Although she doesn't own a piano anymore, that doesn't stop Laura Groll Penhorwood from nostalgically drumming her fingers on a table when she hears music at parties as if she's playing her own concert.

And there was a big party for her, complete with music, friends, and family at the Orchard Villa nursing home in Oregon on Dec. 26 - the day before Mrs. Penhorwood's 100th birthday.

"She's still got that little knack for music," said her son, Gene Groll of Oregon. "She couldn't play by ear, but she could play by reading the music. She'd sit and play for hours."

Mrs. Penhorwood was born on Dec. 27, 1904, in Euclid, Ohio. After her parents died when she was 7 years old, she grew up in a Cleveland orphanage until she was adopted by Thomas and Emma Walters and moved to Toledo.

After graduating from Waite High School, she married George Groll in 1923 when she was 19 and moved to Oregon in 1924, where the couple opened Groll's Poultry Farm to sell and dress poultry, her son said, adding that his parents also sold green onions, tomatoes, and potatoes for an extra source of income. George Groll died in 1964.

Mrs. Penhorwood's daughter, Walbridge resident Murel Kontak, 70, said growing up, she remembered her mother cooking a feast every Sunday after returning from St. John's Lutheran Church in Oregon, where Mrs.

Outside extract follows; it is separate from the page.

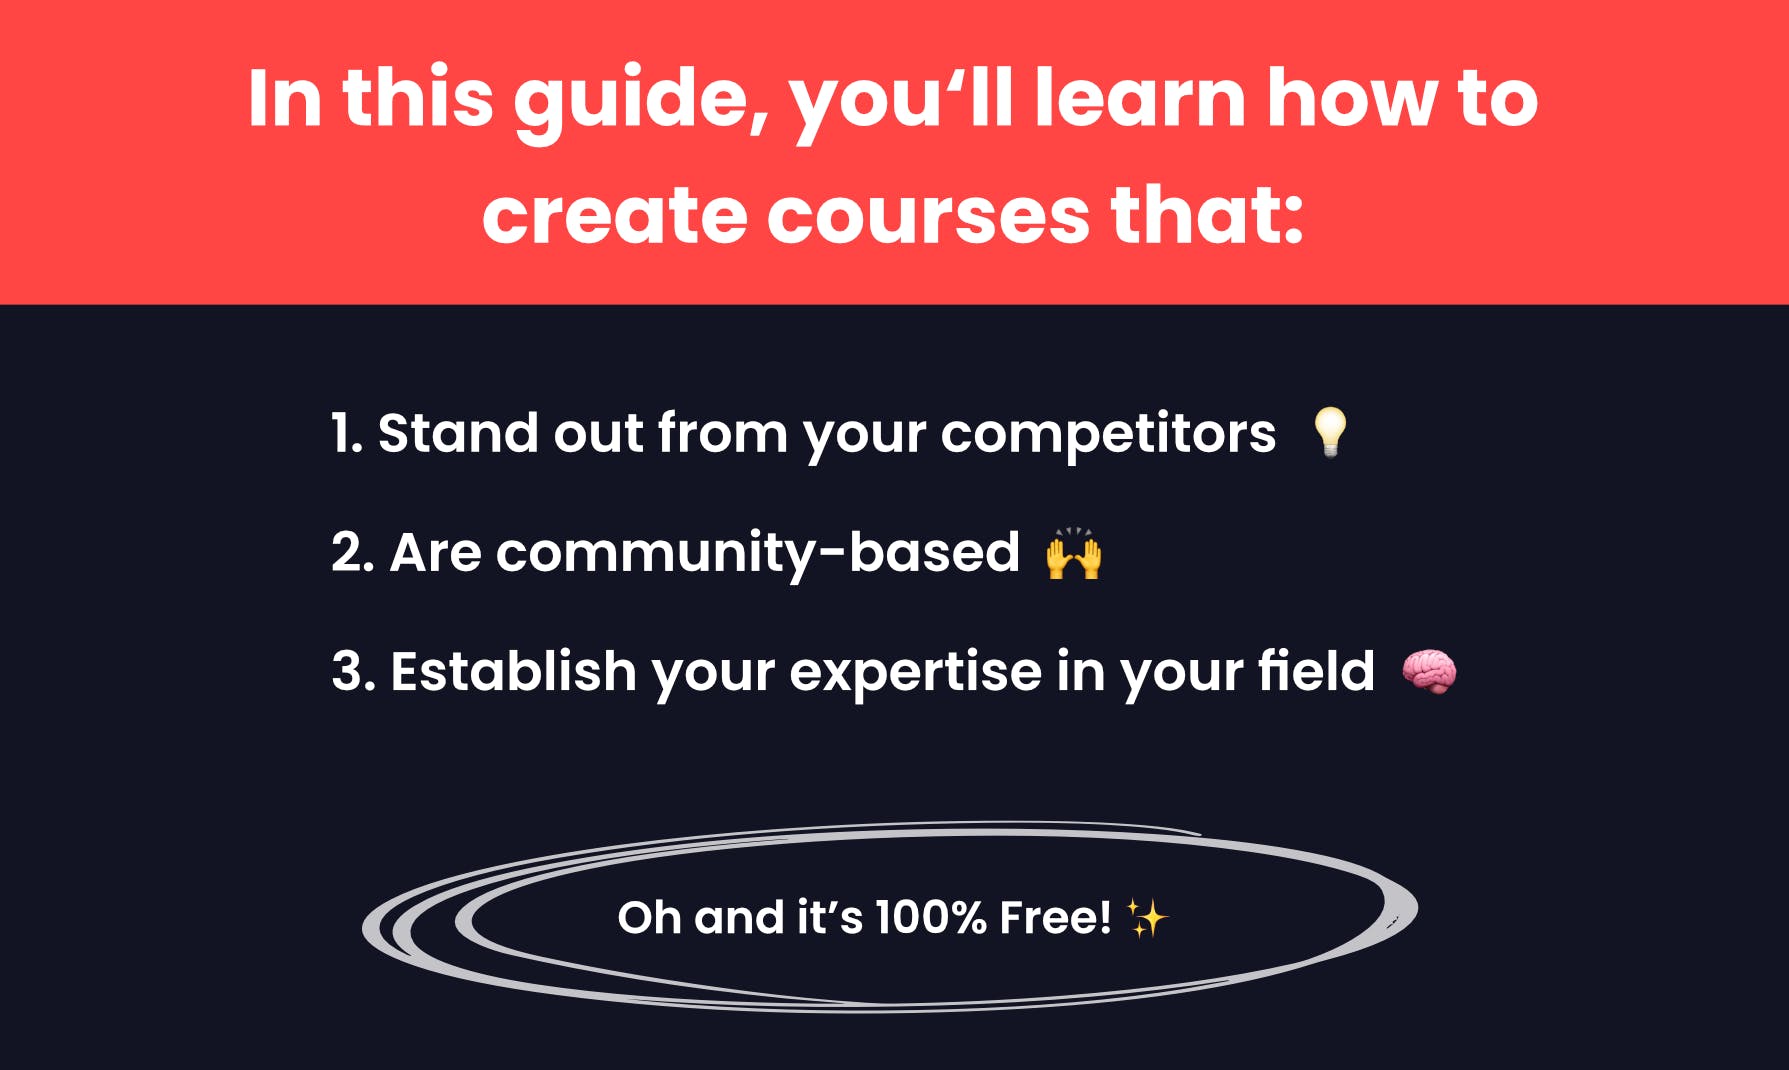 Free Guide: How to create online courses media 3

Penhorwood taught Sunday school for about 10 years.

"She always made a lot of gravy," Ms. Kontak said. "And she always went to church and read the Bible."

Gene Groll said his mother worked as a housewife until World War II, and then worked as a machine operator at a Toledo factory to make artillery shells, but still had the desire to have her own career.

At 53, Mrs. Penhorwood graduated from the Riverside School of Nursing in Toledo with a degree and went to work at St. Charles Mercy Hospital in Oregon. "She wanted to do something different," her son said. "She's a feisty little thing."

He said Mrs. Penhorwood enjoyed traveling in the United States, but had always enjoyed visiting Florida, so she moved to a trailer park in Cortez, Fla., in 1959, and would visit her children here during the summer.

Mrs. Penhorwood then married William Penhorwood, and the couple resided in Florida together until Mr. Penhorwood died in 1984.

In her spare time, Gene Groll said his mother enjoyed walking and was "quite a crocheter," because she used to make her three children clothing out of chicken feed bags during the Great Depression.

Since then, Mrs. Penhorwood's family has grown considerably. Her three children include Mr. Groll; Mrs. Kontak; and Mrs. Kontak's twin sister, Walbridge resident Berle Chesher, 70. She also has 10 grandchildren, 17 great-grandchildren, and seven great-great grandchildren.

Mrs. Penhorwood lived in Florida on her own until she was 93, then moved back to Oregon to live at the Luther Hills assisted living facility before moving to the nursing home in 1997.

Gene Groll said Mrs. Penhorwood recently underwent surgery for skin cancer, but was doing well enough Dec. 26 to attend her birthday party.

"She is a very lovable person," her son said, "and I don't think she has an enemy in the world."